Comment by simonw
18 hours ago
I'm glad this article includes the only credible fix for the HTTP leak problems: CSP.
A useful thing I learned recently is that, while CSP headers are usually set using HTTP headers, you can also reliably set them directly in HTML - for example for HTML generated directly on a page where HTTP headers don't come into play:
<iframe sandbox="allow-scripts" srcdoc="
<meta http-equiv='Content-Security-Policy'
content='default-src none; script-src unsafe-inline; style-src unsafe-inline;'>
<!-- untrusted content here -->
"></iframe>
It feels like this shouldn't work, because JavaScript in the untrusted content could use the DOM to delete or alter that meta tag... but it turns out all modern browsers specifically lock that down, treating those CSP rules as permanent as soon as that meta tag has loaded before any malicious code has the chance to subvert them.
I had Claude Code run some experiments to help demonstrate this a few weeks ago: https://github.com/simonw/research/tree/main/test-csp-iframe...
I read this whole post silently mouthing a "CSP" mantra as each new vulnerability was discovered, years apart no less. Elated when I got to the revelation towards the end.
But for all my self righteous bluster the inline version was news to me. Hacker news. Awesome. Thank you.
Wow - I had no idea. That's really useful, and probably much easier to implement by javascripters than something that might be set in nginx.
And any additional CSP directives can only narrow what's allowed. Also works with headers plus <meta> - <meta>s can restrict the CSP even more than what the headers specified, but they can't widen it.
An idea I’ve been kicking around (which isn’t quite applicable to this use case, I think) is to aggressively restrict the Sec-Fetch- headers on user content. If a server is willing to serve up an untrustworthy SVG, it could refuse to serve it at all unless Sec-Fetch-Dest has the correct value, and ‘document’ and ‘iframe’ would not be correct values. This would make it more difficult to fool a user or their browser by, for example, linking to an SVG file, or using a less-secure mechanism like embed to load it.
This should be in addition to heavily restricting CSP on user content. (Hmm, surely all images should be served with the CSP header set.)
You can bypass the sec-fetch headers via service workers i think.
A better approach here would be to just serve svg with Content-security-policy: script-src 'none'; sandbox
But you can't make a link to https://your.domain/my_phishing_page.svg work as a phishing page using service workers unless you've pretty thoroughly pwned the site already. (And you can constrain what gets to run as a service worker using Sec-Fetch-Dest!)
I suppose an actual exception is Content-Disposition. If you want the user to save a file, you need to serve it with dest == document as far as I know.
Nice, favorited... thinking this could be useful for an email reader to support css, but not scripts.
Most extant email readers support such a limited subset of CSS that nobody is likely to send emails with anything beyond very basic CSS though, unless your reader gains a ton of traction I suppose.
I did not know about `srcdoc`, but it looks like that's still vulnerable to injection by using a double quote and </iframe> to escape the sandbox.
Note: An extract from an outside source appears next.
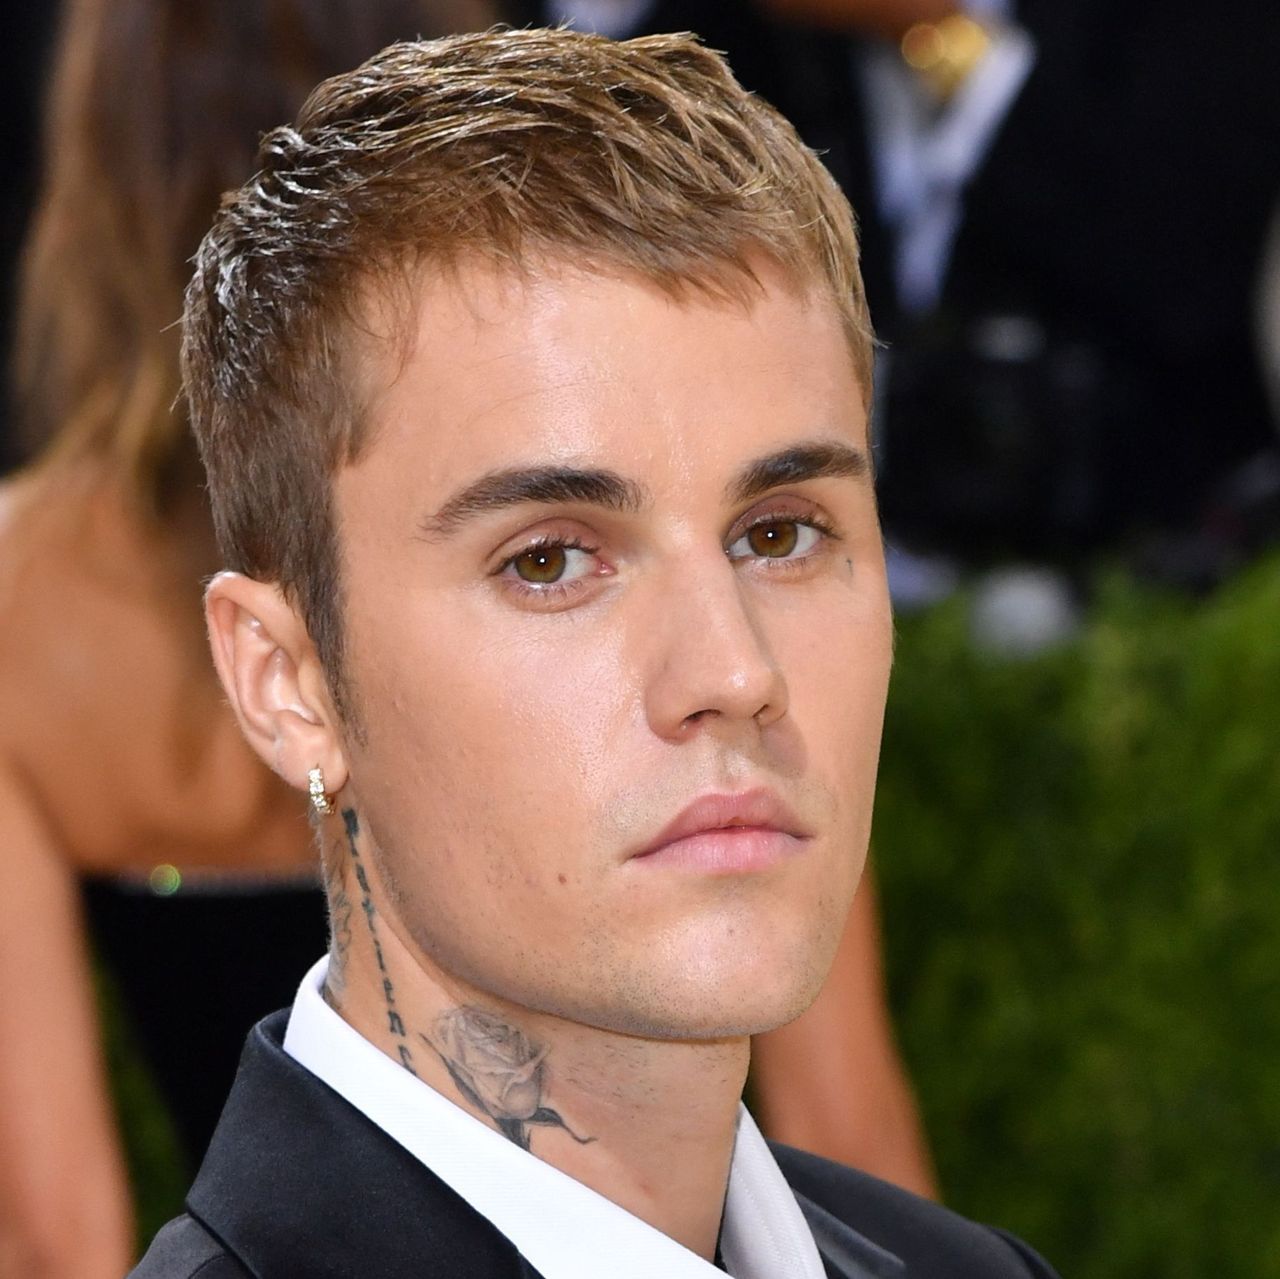 Despite being diagnosed with a rare neurological condition, Justin Bieber appears healthy.
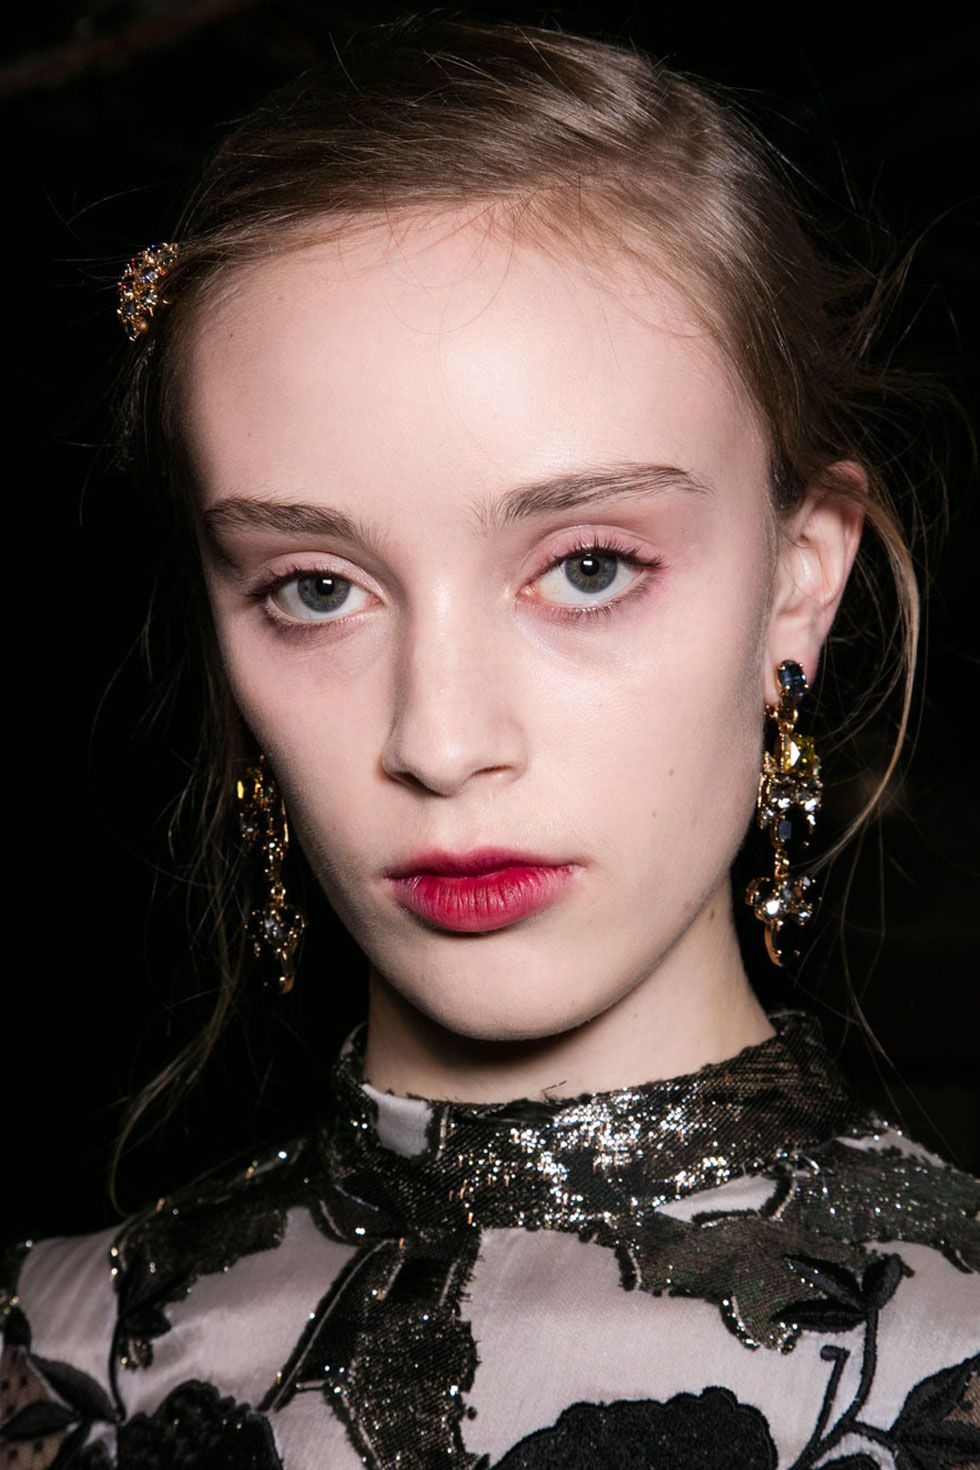 <p>"Nobody's going to go out with a graphic neon eyeliner that goes all the way up to your eyebrow," Teasdale says, "But if you dare to experiment, you'll find that a lot of those electric neon colors actually look really nice as a color wash on your lids, or as a cat-eye."</p><p>Erdem must have psychically beamed himself into our conversation—his models had sheer neon lids that made a sublime contrast to their ivory lace dresses.</p>

If this is constructed in a hygienic way using DOM manipulation, it seems like it could work, but it definitely seems possible to screw up.
If you're constructing your unsandboxed parent document HTML using string concatenation, you might as well not use the sandboxed iframe at all. But presumably someone who bothers to sandbox untrusted content also knows about setAttribute(), or the srcdoc JS property.
You can entity-encode the content in the srcdoc= attribute to robustly solve that problem, or populate it via the DOM.